To do
Once you reach the line that holds "Floral pattern" in the listing below, output it and every line after it through the line that holds "Made in Italy", word for word.

Extracted records
#####

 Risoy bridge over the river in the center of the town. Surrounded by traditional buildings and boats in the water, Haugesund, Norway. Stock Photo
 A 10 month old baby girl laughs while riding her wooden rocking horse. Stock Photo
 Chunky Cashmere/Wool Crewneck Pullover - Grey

#####

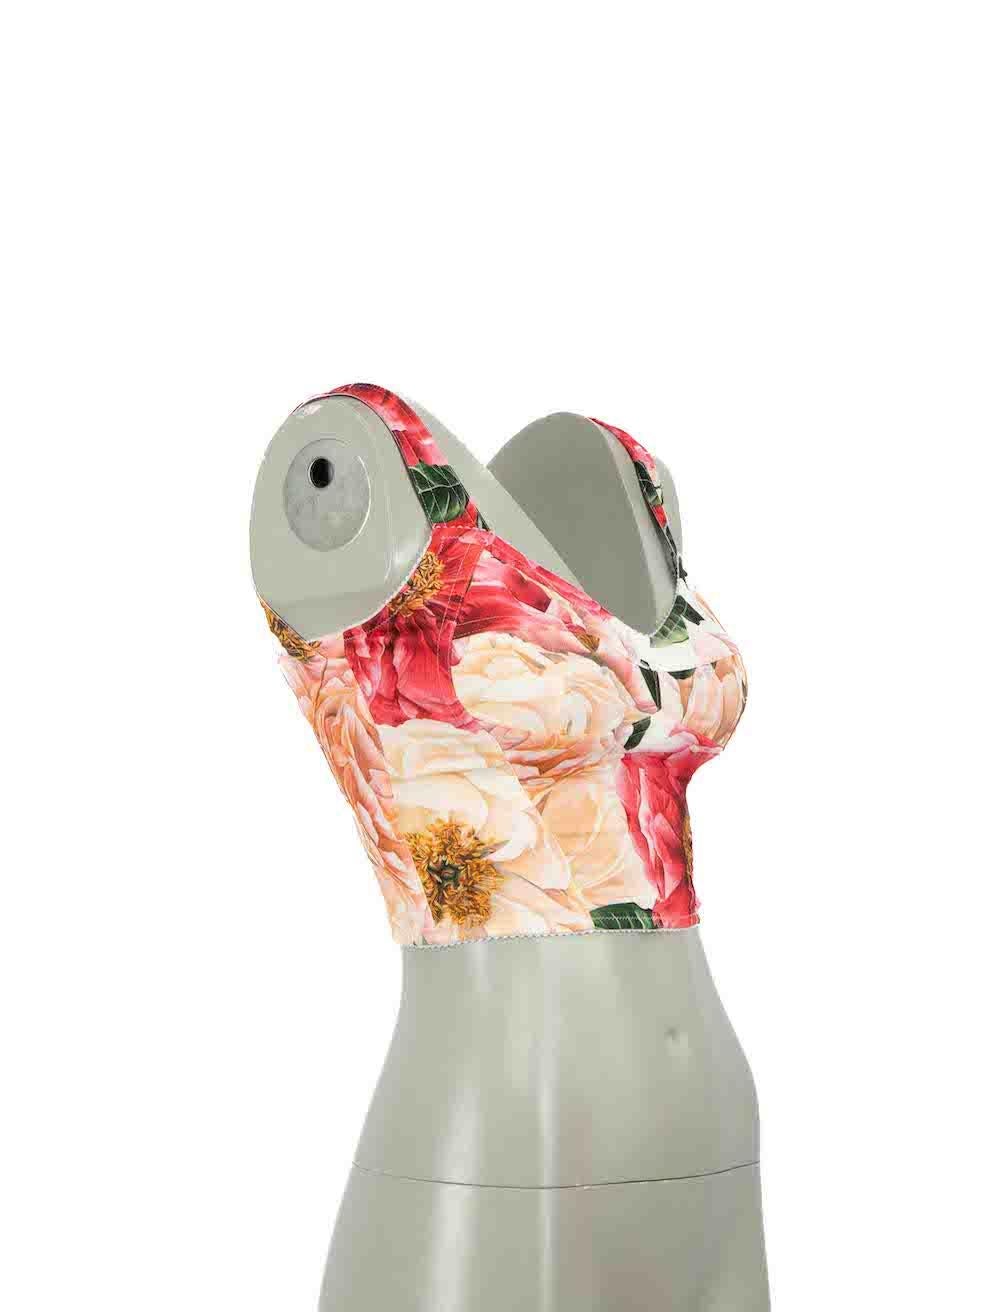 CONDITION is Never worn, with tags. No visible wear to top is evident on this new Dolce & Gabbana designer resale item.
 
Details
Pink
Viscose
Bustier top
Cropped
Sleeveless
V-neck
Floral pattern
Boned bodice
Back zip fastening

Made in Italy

#####

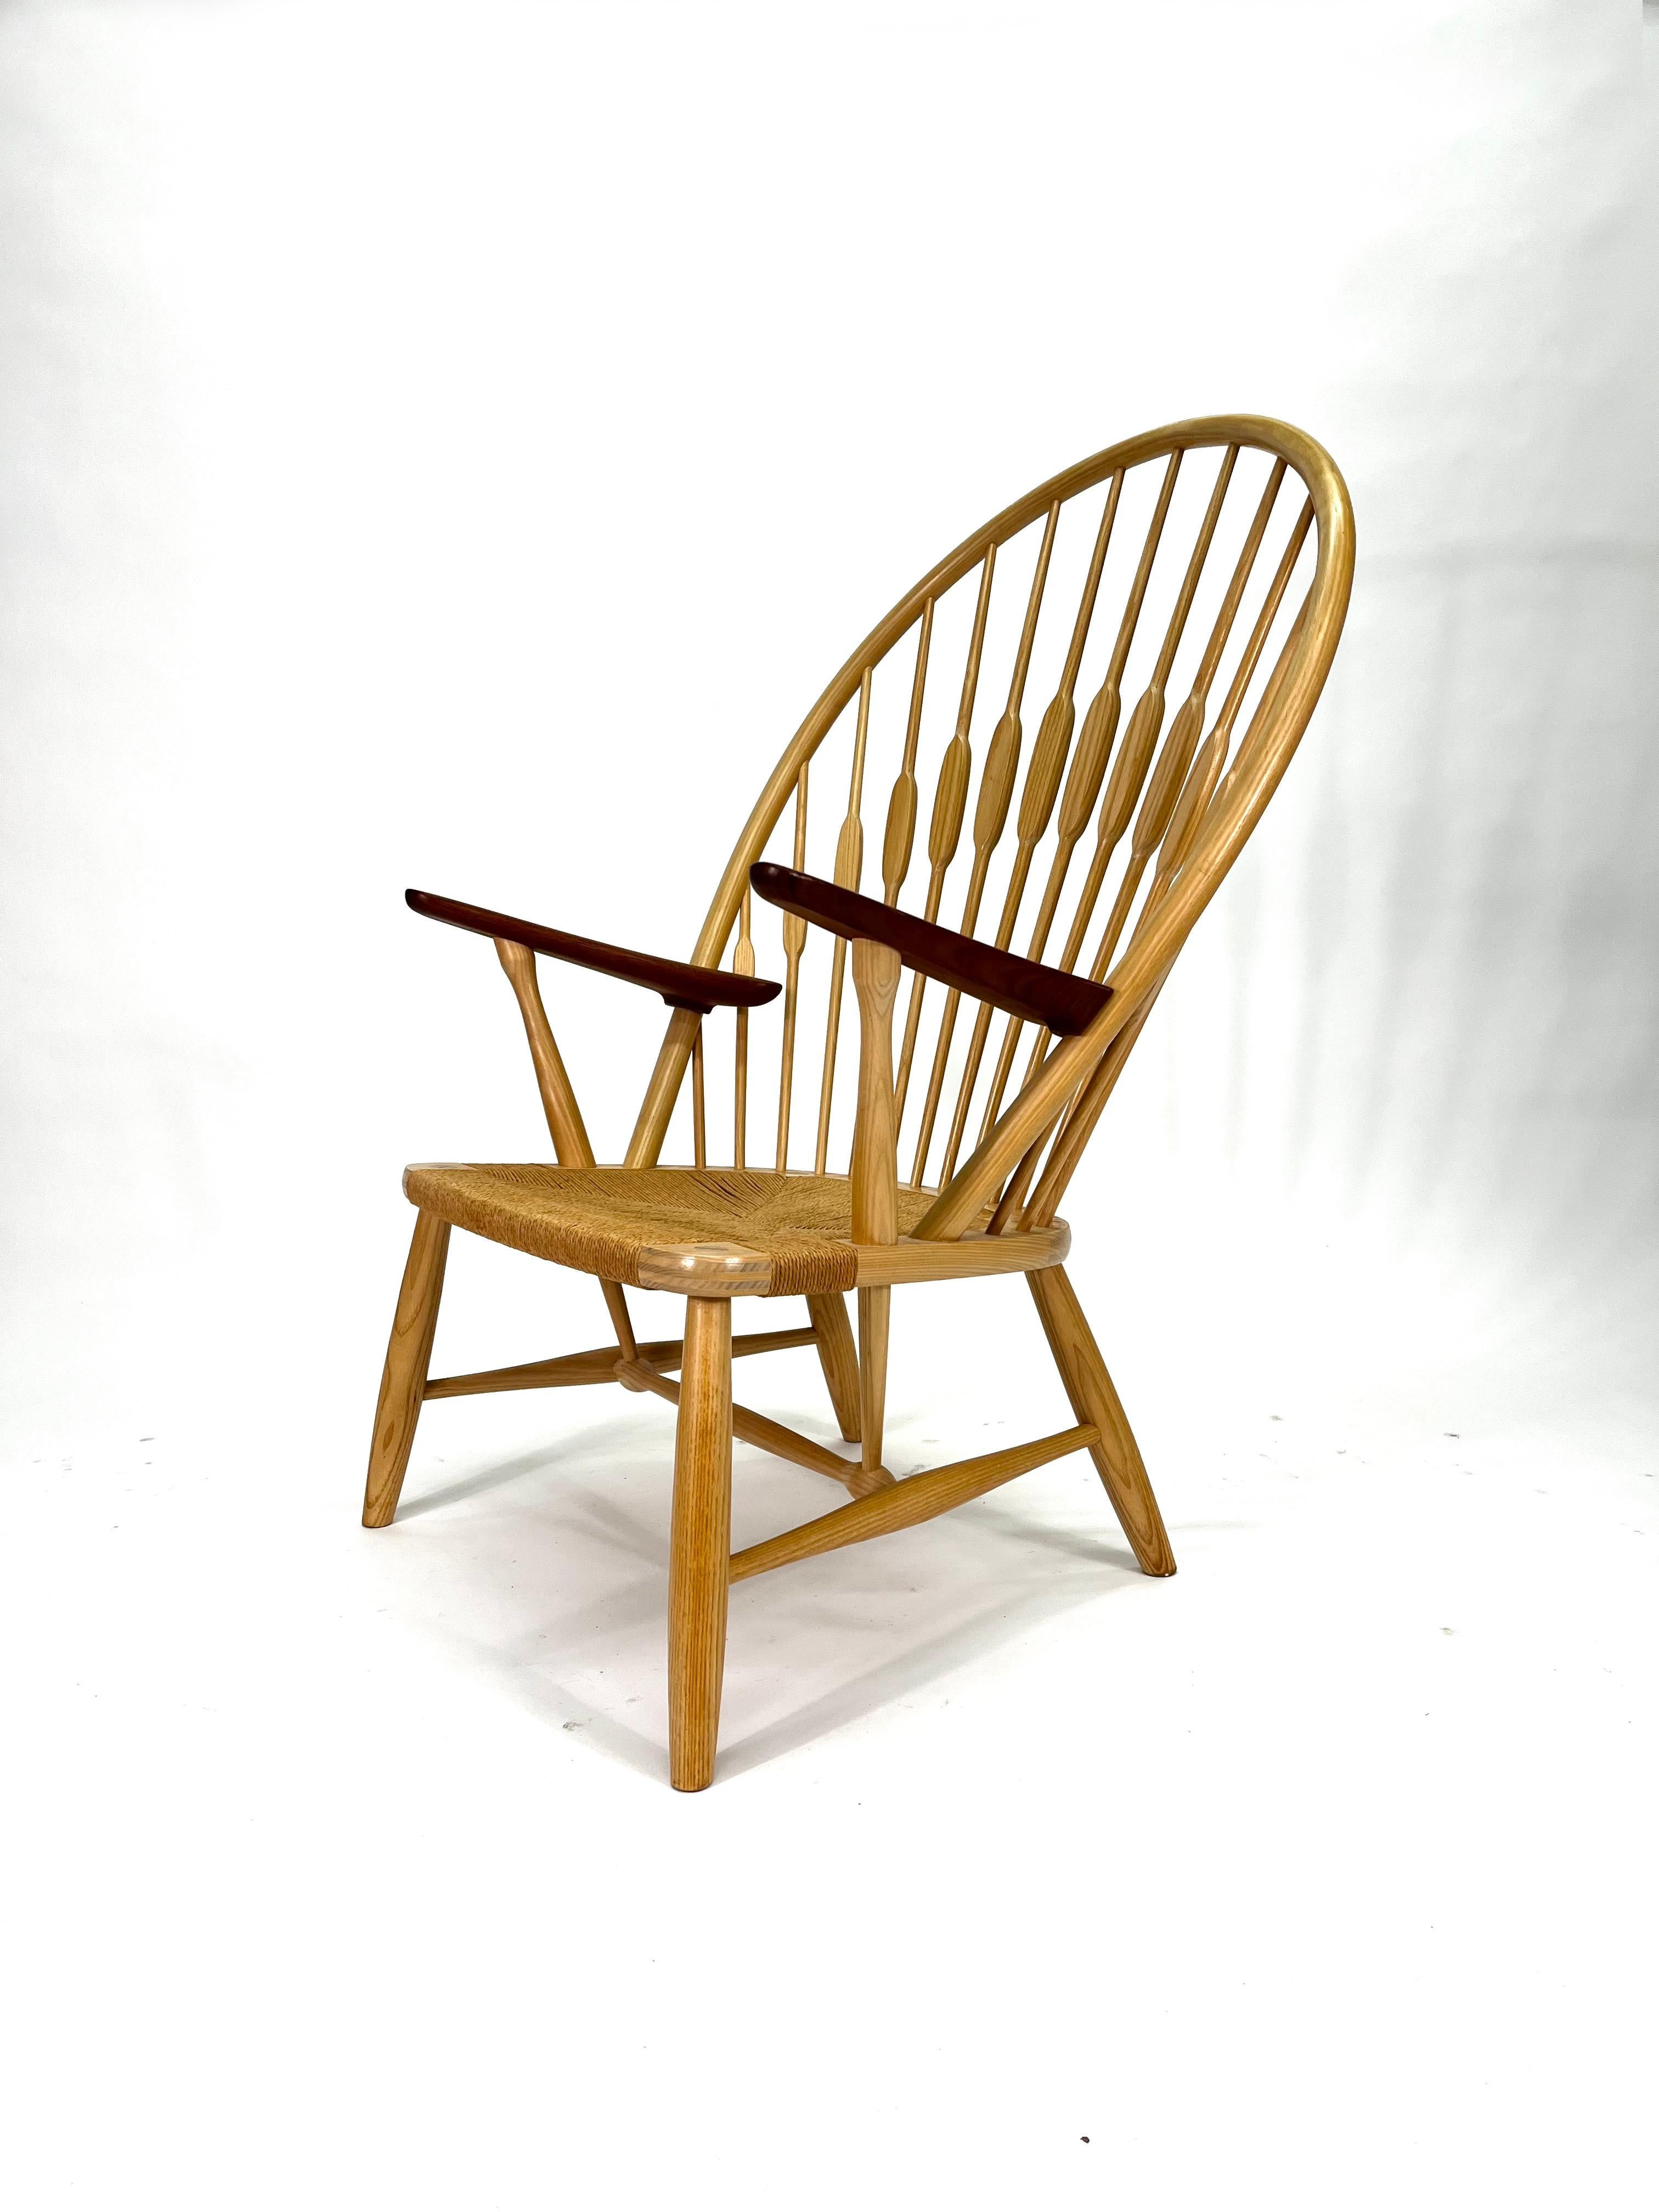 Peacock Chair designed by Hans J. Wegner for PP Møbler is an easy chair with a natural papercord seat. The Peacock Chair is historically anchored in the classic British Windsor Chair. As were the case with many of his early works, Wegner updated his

#####

Reply
Floral pattern
Boned bodice
Back zip fastening

Made in Italy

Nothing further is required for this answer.